I'm trying to implement the scan primitive, but I came across a weird behavior. Whenever the dimension of the global array 'x' is greater than 64 (the wavefront size), let's say 128, the following kernel hangs up:
kernel void scan_dead_lock( global float * x )
{
int id = get_local_id(0);
for( int s = 1; s < get_local_size(0); s <<= 1 )
{
if( id >= s ) {
float tmp = x[id] + x[id - s];
barrier( CLK_GLOBAL_MEM_FENCE );
x[id] = tmp;
}
else barrier( CLK_GLOBAL_MEM_FENCE );
barrier( CLK_GLOBAL_MEM_FENCE );
}
}
But this one, functionally equivalent, does not:
kernel void scan( global float * x )
{
float tmp;
int id = get_local_id(0);
for( int s = 1; s < get_local_size(0); s <<= 1 )
{
if( id >= s ) tmp = x[id] + x[id - s];
barrier( CLK_GLOBAL_MEM_FENCE );
if( id >= s ) x[id] = tmp;
barrier( CLK_GLOBAL_MEM_FENCE );
}
}
I'm using 'global size' = 'local size', so there is only a work-group in flight. Is the OpenCL compiler doing something wrong, maybe removing the "else barrier( CLK_GLOBAL_MEM_FENCE );" part from the first kernel?
The dead lock occurs both with Catalyst (fglrx) 12.4 and 12.6 using an AMD HD5750 GPU on Debian GNU/Linux.
Thank you.
Solved! Go to Solution.
yes. this can lead to deadlock
if(get_local_id(0)>32)barrier();
else barrier();
Hi,
GLOBAL barrier means "each threads stops here and wait until all threads come", if you put the barrier in the selection, some threads will never get the same place so it waits forever.
barrier must be hitted with all or none thread in work-group. otherwise it lead to undefined behaviour.

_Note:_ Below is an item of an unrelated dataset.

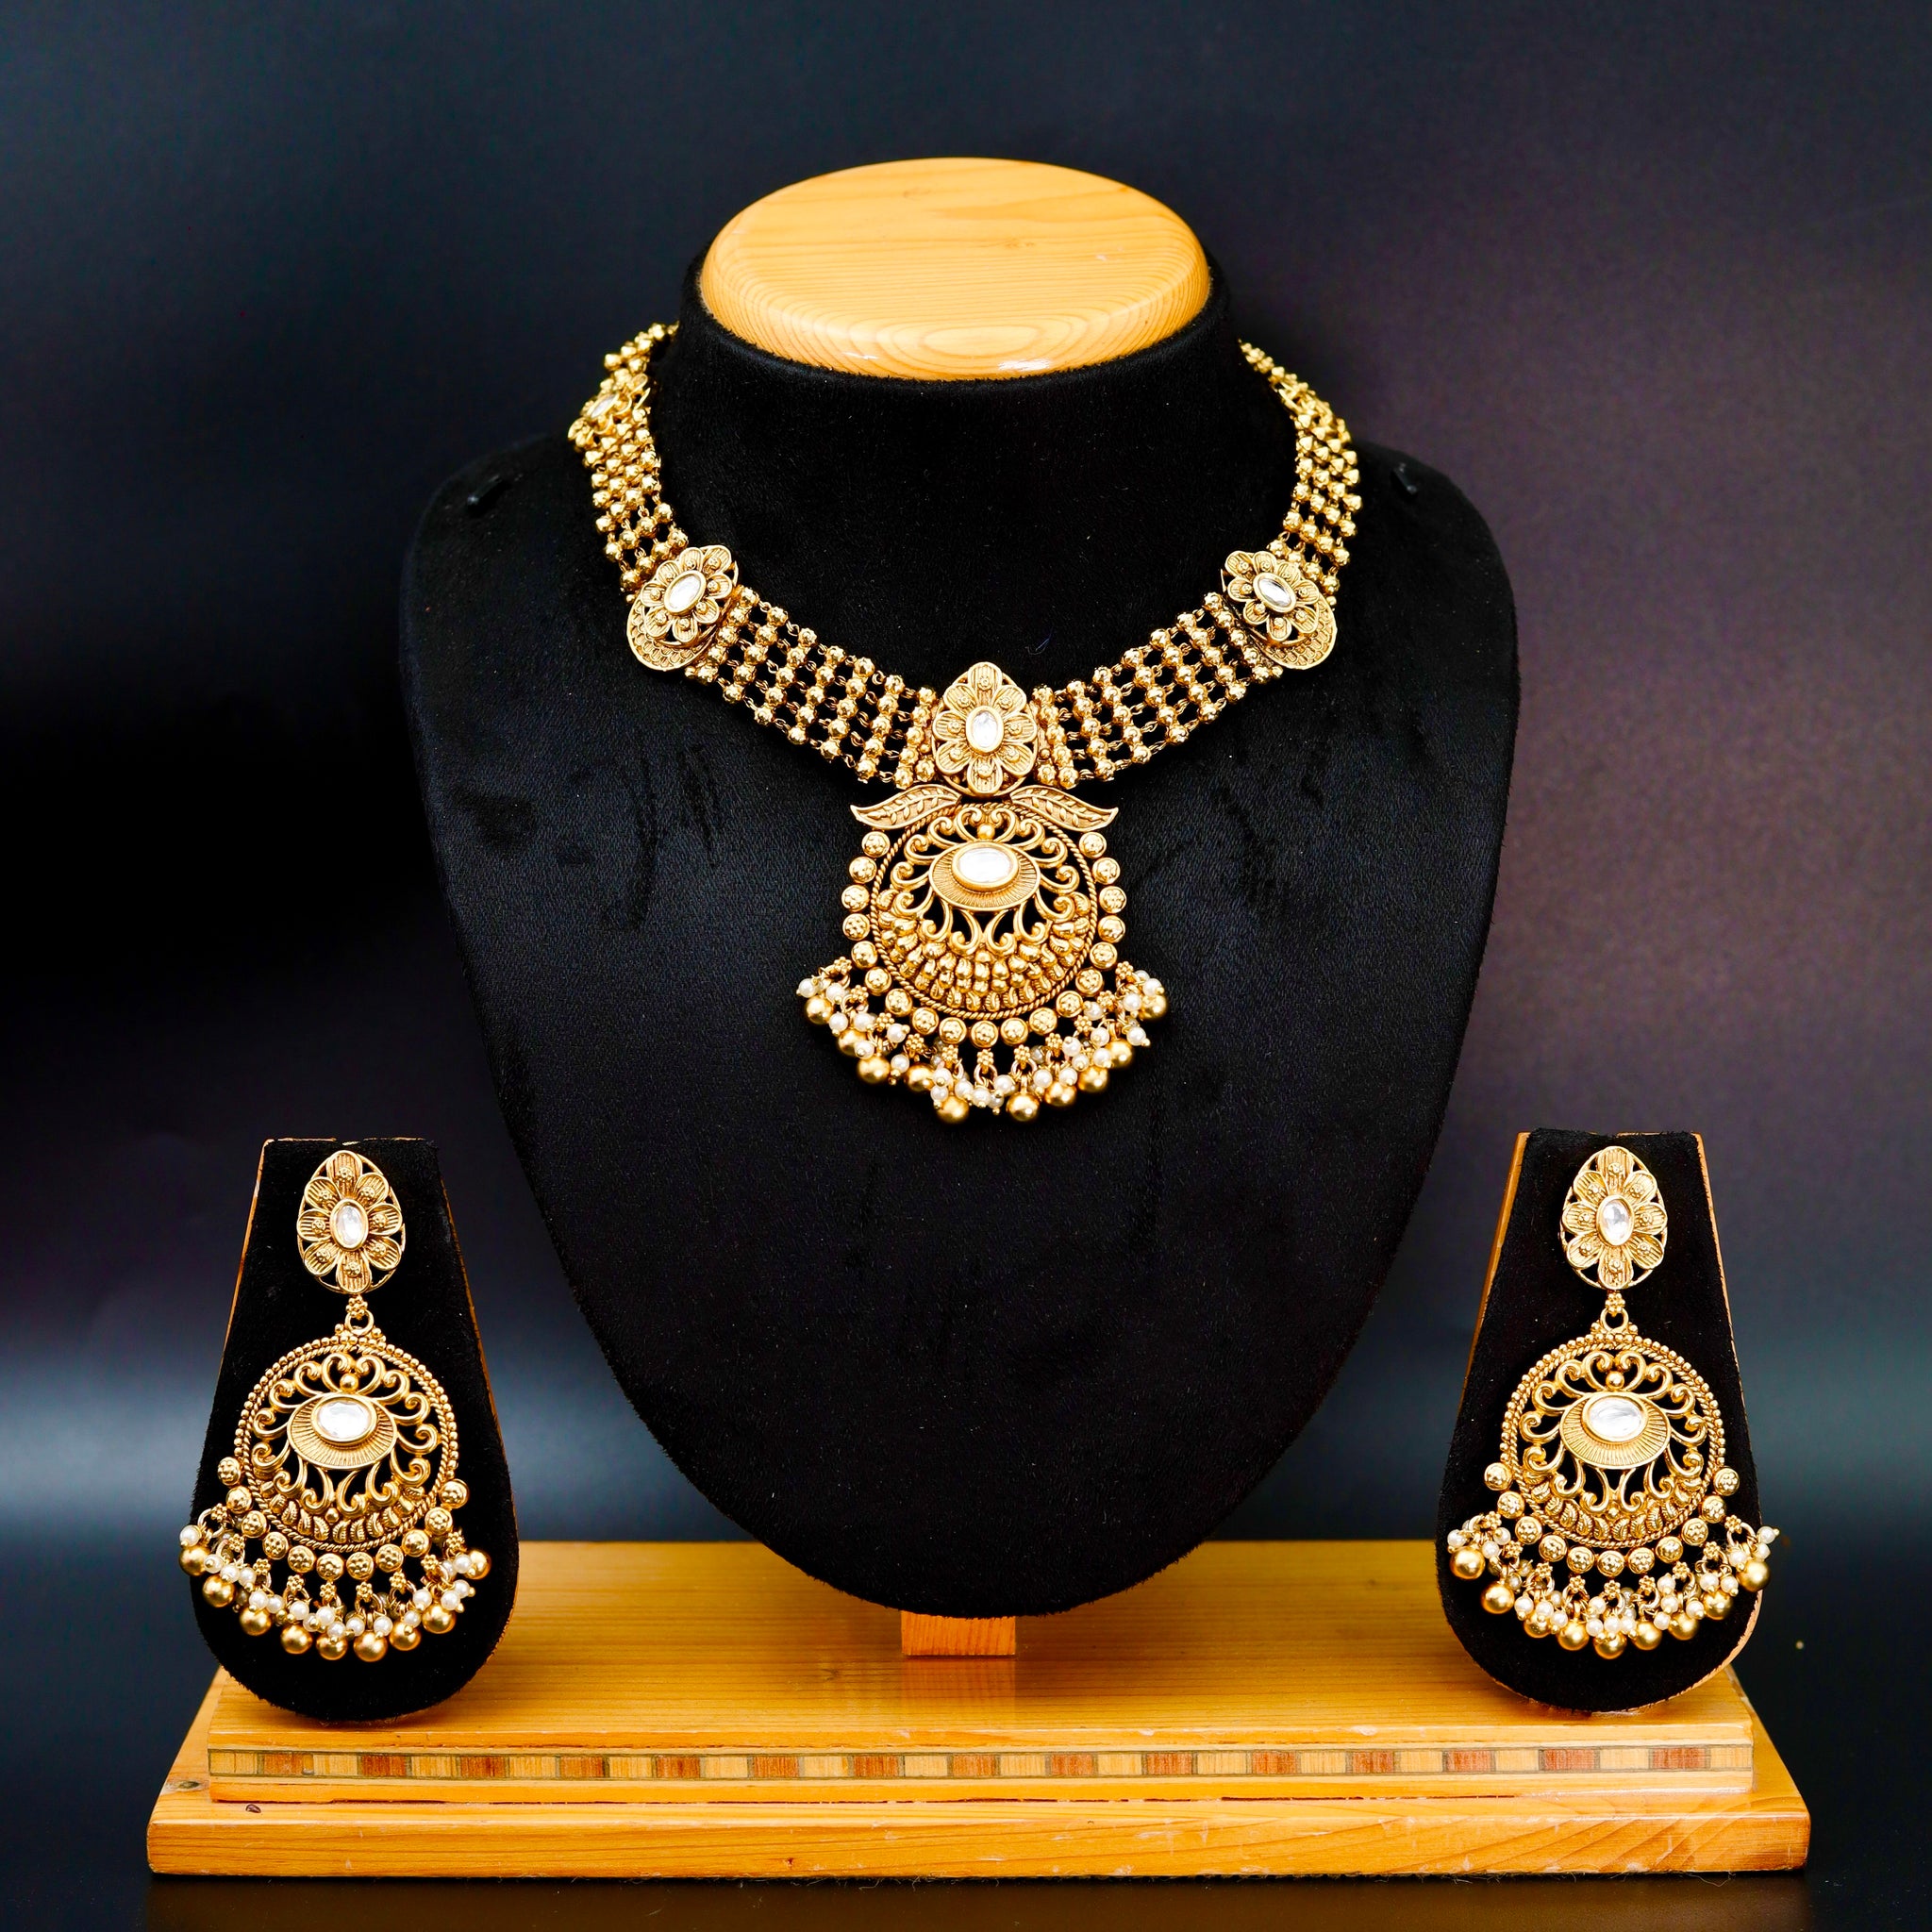 Antique Gold Plated Round Neck Necklace Set 10053-28

Thank you for your replies.
I knew that a barrier must be hit by all threads in the work-group, but I totally forgot that each barrier is uniquely identified and so all threads must hit the *same* barrier. Right?
Thanks.
yes. this can lead to deadlock
if(get_local_id(0)>32)barrier();
else barrier();